Foto: Marlene Bucher

Doch auch hier sieht man auf den zweiten Blick: Der untere Teil der Wappen hat einen deutlichen schwarzen Rand. Die restliche Mauer ist zur Hälfte mit Schmutz bedeckt, in den bereits jemand Strichmuster gemalt hat. Die Bilder von bekannten Gebäuden, wie zum Beispiel der Porta Nigra, die an die Mauer zwischen Aussichtspunkt und Ampel gemalt wurden, sehen dagegen etwas gepflegter aus.

Foto: Marlene Bucher

Seitens der Stadt heißt es, eine separate Unterhaltung der Graffiti an der Bitburger Straße sei nicht vorgesehen. Aber: „Möglich ist eine Aufarbeitung der Flächen, da wir zurzeit mit dem Künstler noch an anderer Stelle zusammenarbeiten.“

Neben den Müllhaufen bei den Häusern hat ebenfalls jemand eine Wand besprüht, zu sehen ist dort ein riesiger Briefumschlag. Die Farbe blättert an einigen Stellen bereits wieder ab. Daneben sieht man den Zugang zum Reverchonweg, ein kleiner Weg, der unterhalb der Villa Reverchon zur Römerstraße führt. Der Weg ist durch einen Zaun und ein Schild gesperrt, das Fußgängern den Zutritt verbietet.

Die Stadt erklärt dazu, dass der Weg aufgrund „zweier sehr massiver Steinschläge aus einem privaten Grundstück“ gesperrt werden musste. Weiter heißt es: „Beginnend ab Februar 2019 wird der Fels dort in größerem Umfang gesichert. Um weitere Steinschläge zu verhindern und den Weg wieder für Fußgänger sicher zu machen, werden dort größere Felssicherungsmaßnahmen im Einmündungsbereich Bitburger Straße/Reverchonweg durchgeführt.“ Nach Abschluss der Arbeiten werde der Weg außerdem kleinflächig saniert und anschließend wieder freigegeben.
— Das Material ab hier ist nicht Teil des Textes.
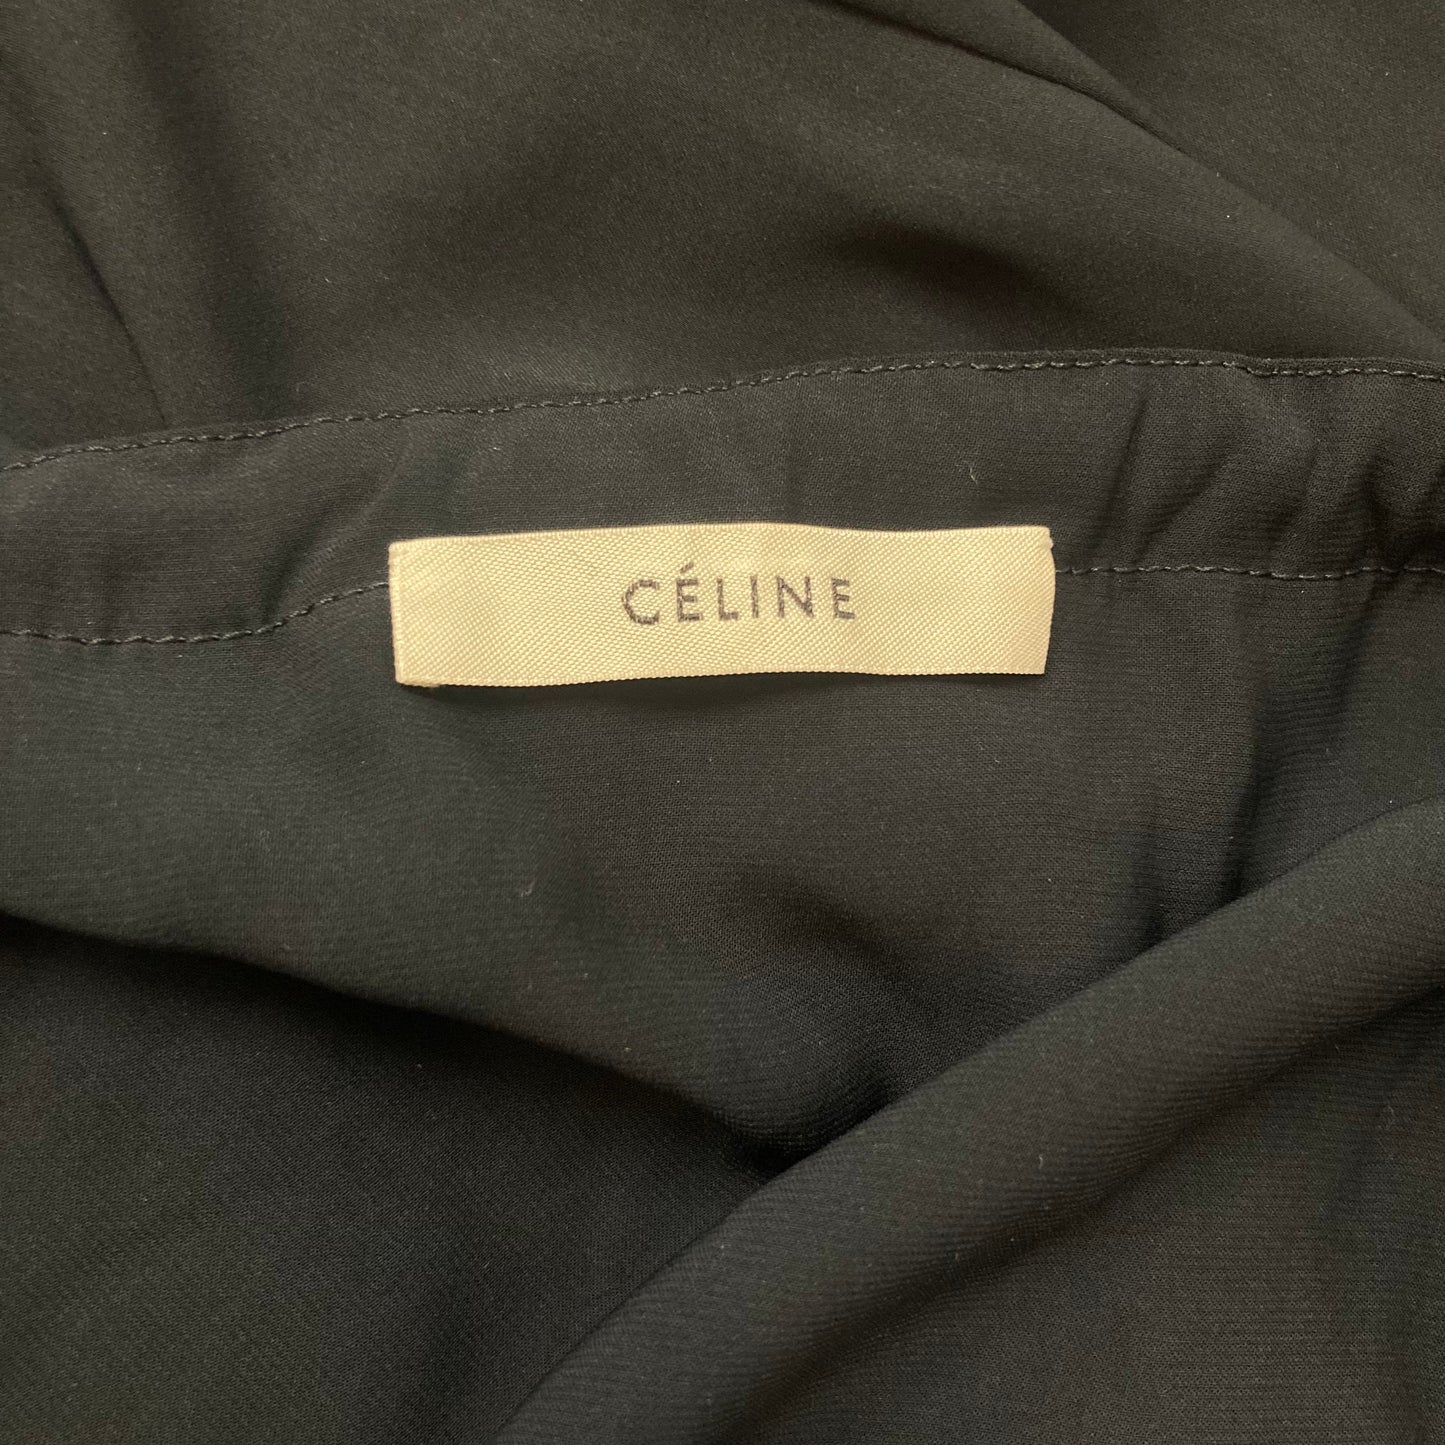 Fall2017 Celine by Phoebe Philo dress

Wer auf der Bitburger Straße in Richtung Kaiser-Wilhelm-Brücke fährt, sieht außerdem kurz vor und kurz nach der Kurve zunächst Werbung. Davor hängt eine Reihe von Werbebannern, dahinter prangt an einer weißen Hauswand der Schriftzug einer Bierwerbung. Die Wand gehört zum Peter-Caesar-Haus (siehe Info), das vom Verein Starthilfe Trier betrieben wird. Die Vorderseite des Hauses, also zur Straße hin, ist dunkelbraun.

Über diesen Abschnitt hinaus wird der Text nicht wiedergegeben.